====== DATASET CONTENT ======

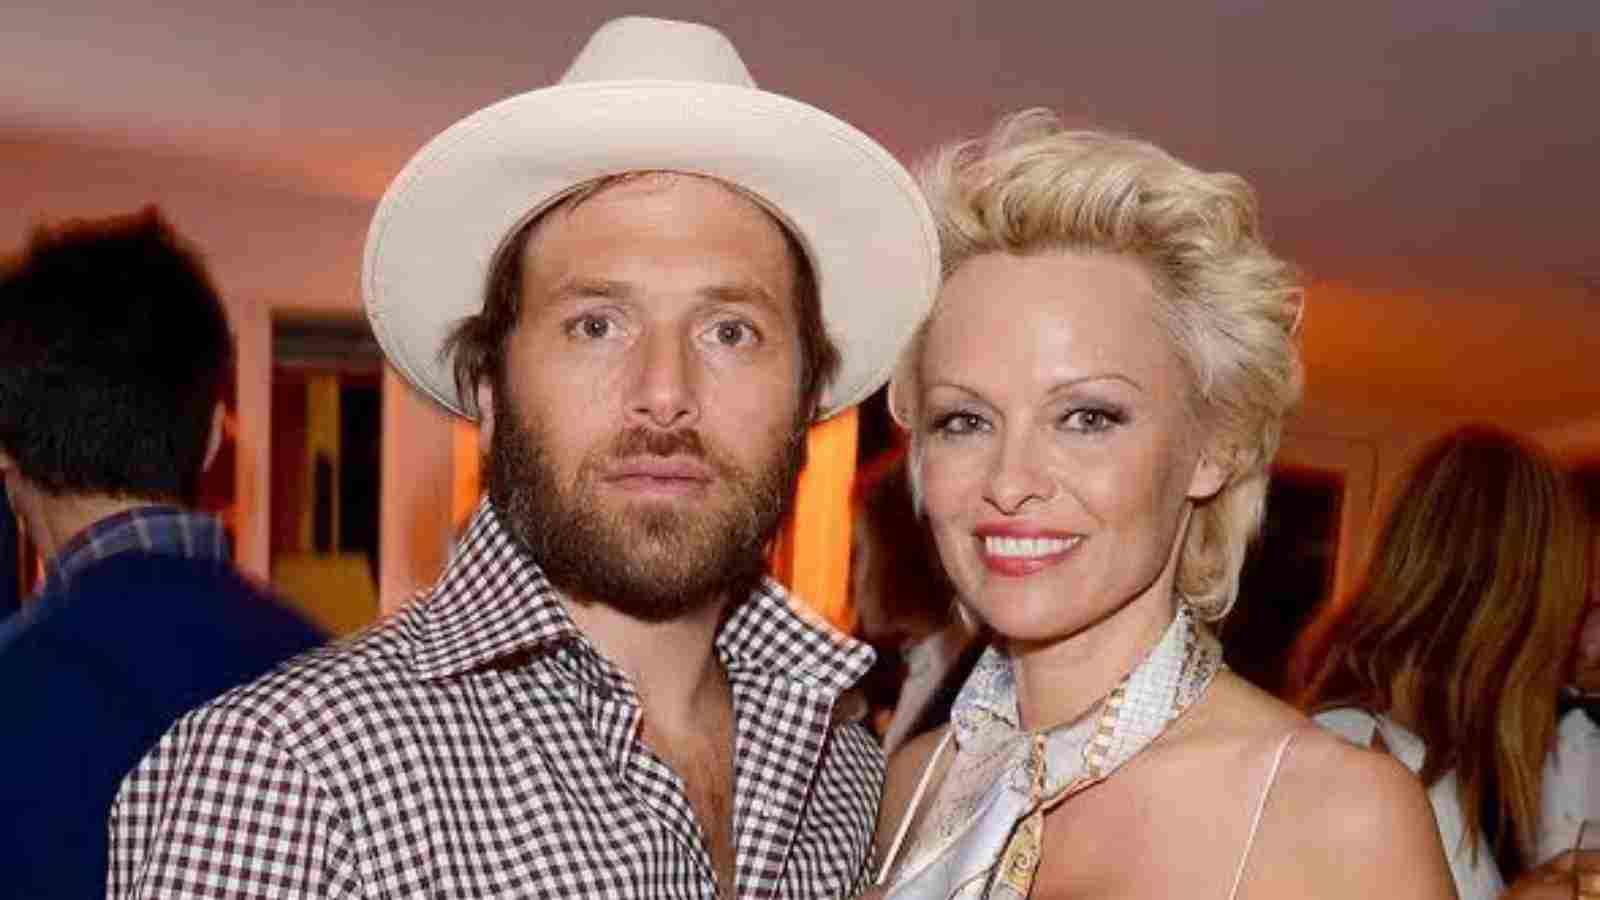 Pamela Anderson's first marriage with Rick Salomon happened in Las Vegas
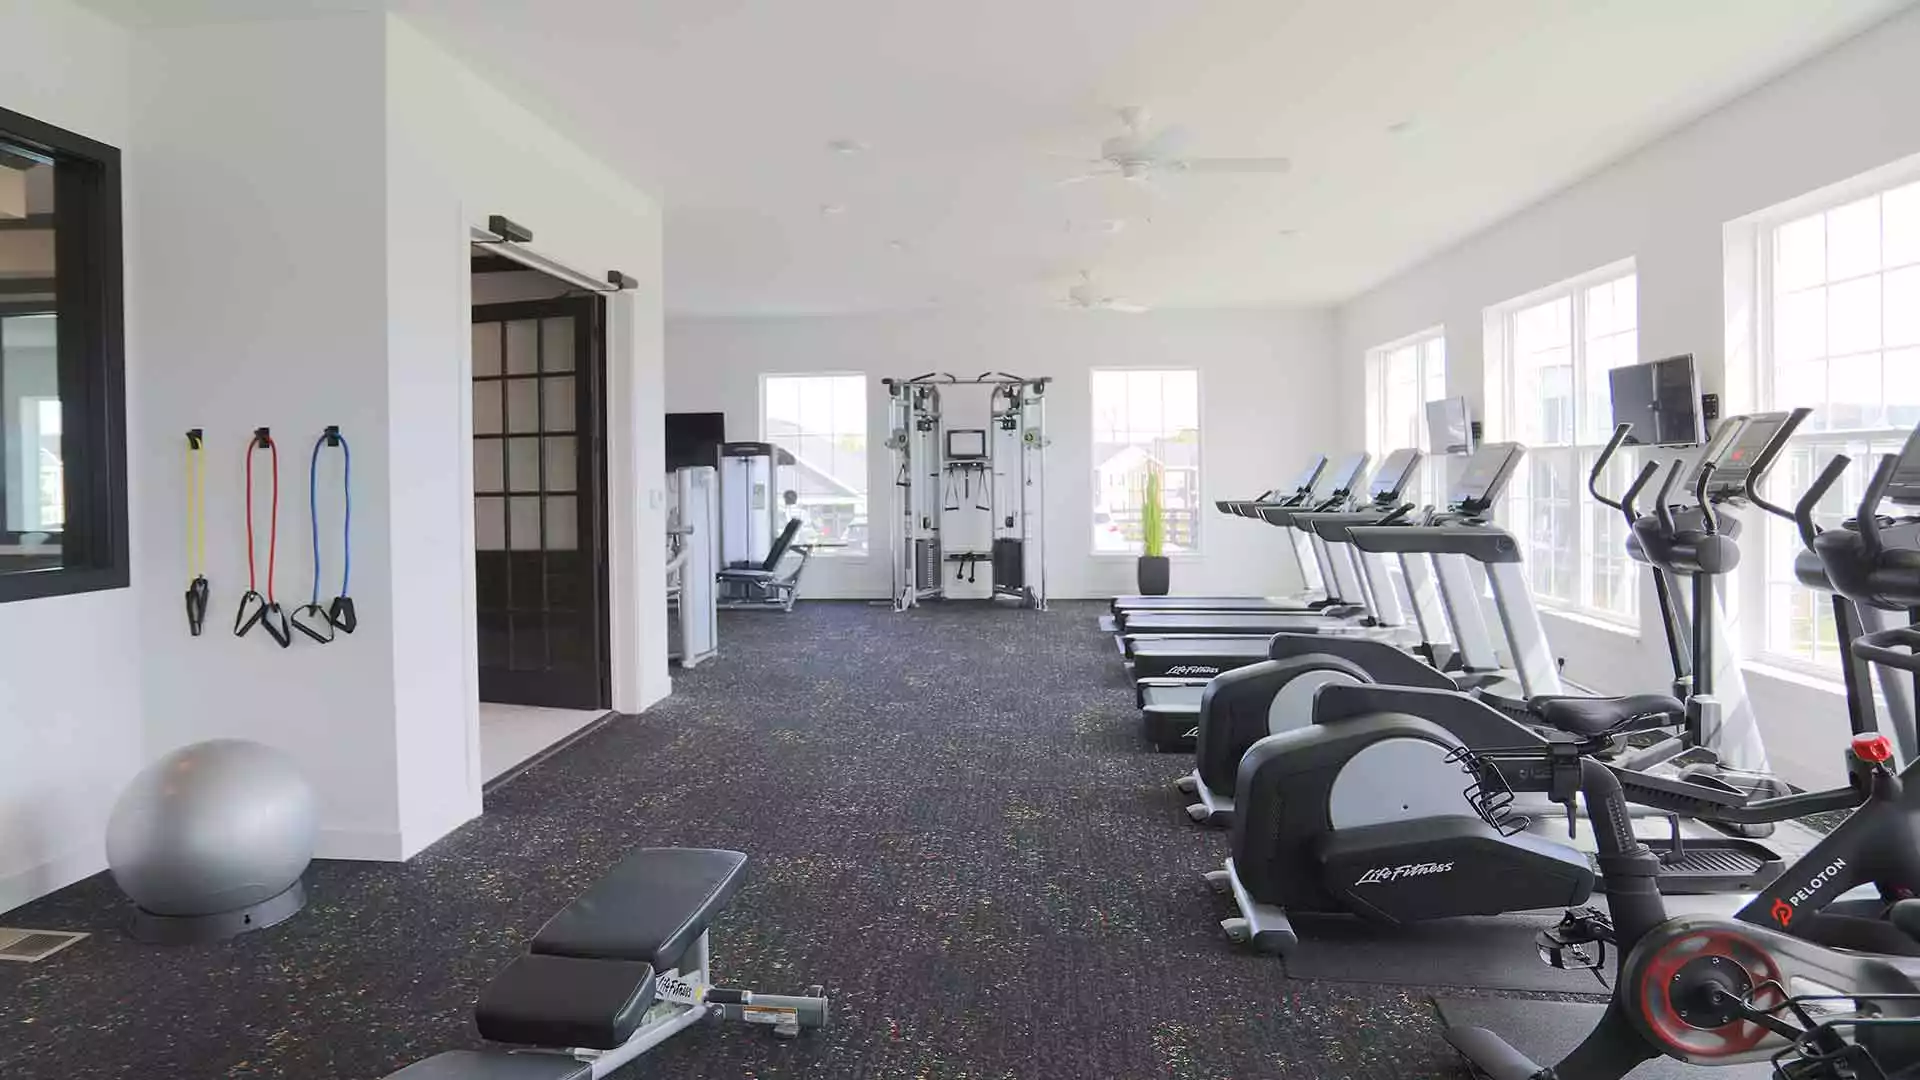 Spacious fitness center with exercise machines at Greyson on 27.
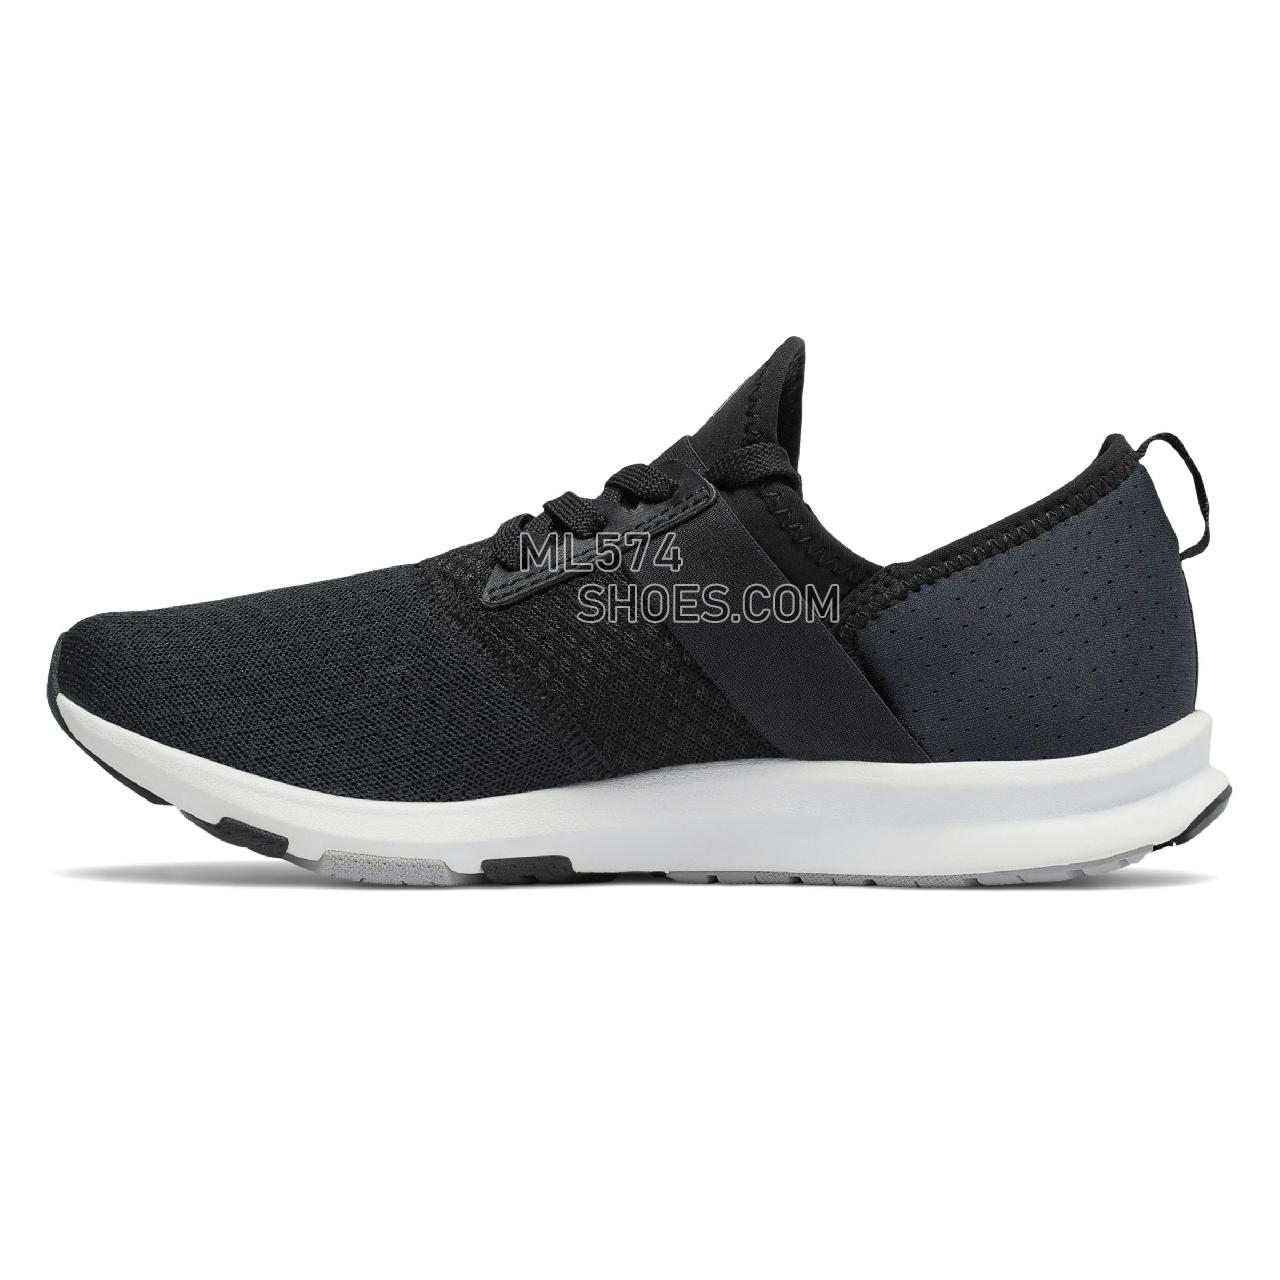 New Balance FuelCore NERGIZE - Women's  - X-training Black with Grey and White - WXNRGBK
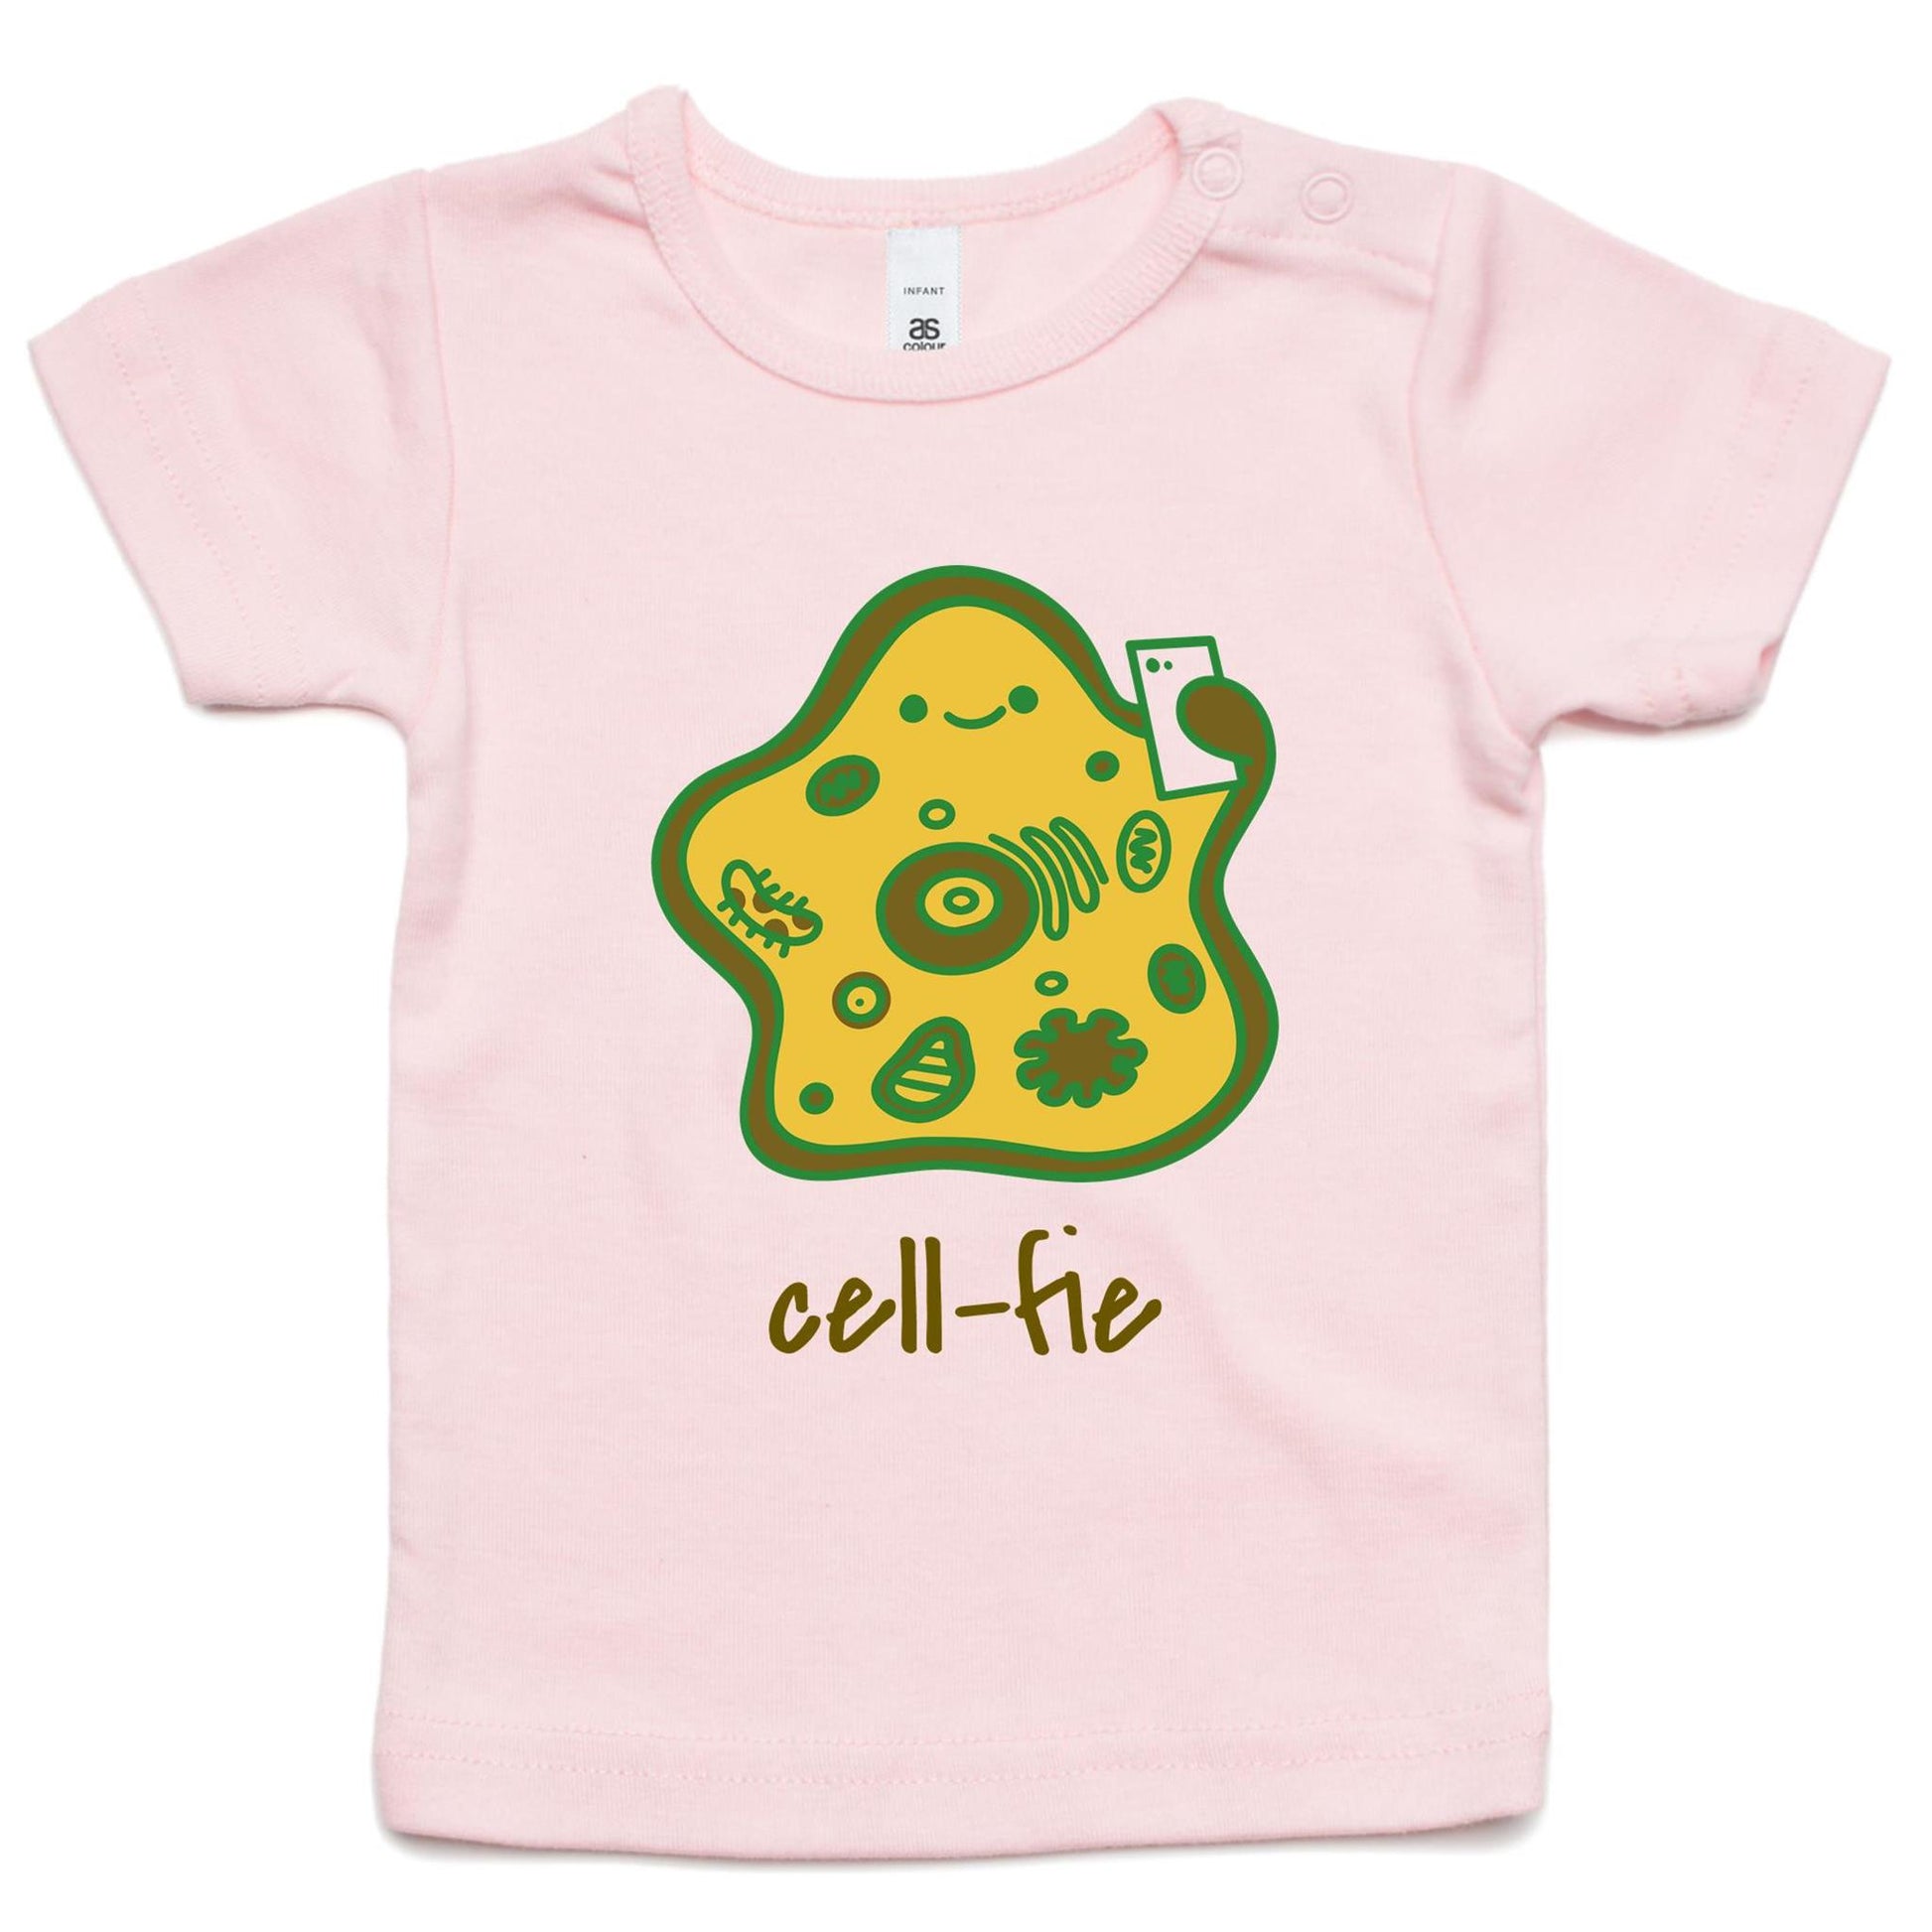 Cell-fie - Baby T-shirt Pink Baby T-shirt Science

======

- [REQUIRED ACTION]: Your reply should hold exactly the lines from the line containing "New Balance FuelCore" through the final line of the listing, and none of the pictures.

- [RESPONSE BOX]:
 New Balance FuelCore NERGIZE - Women's  - X-training Black with Grey and White - WXNRGBK
 Cell-fie - Baby T-shirt Pink Baby T-shirt Science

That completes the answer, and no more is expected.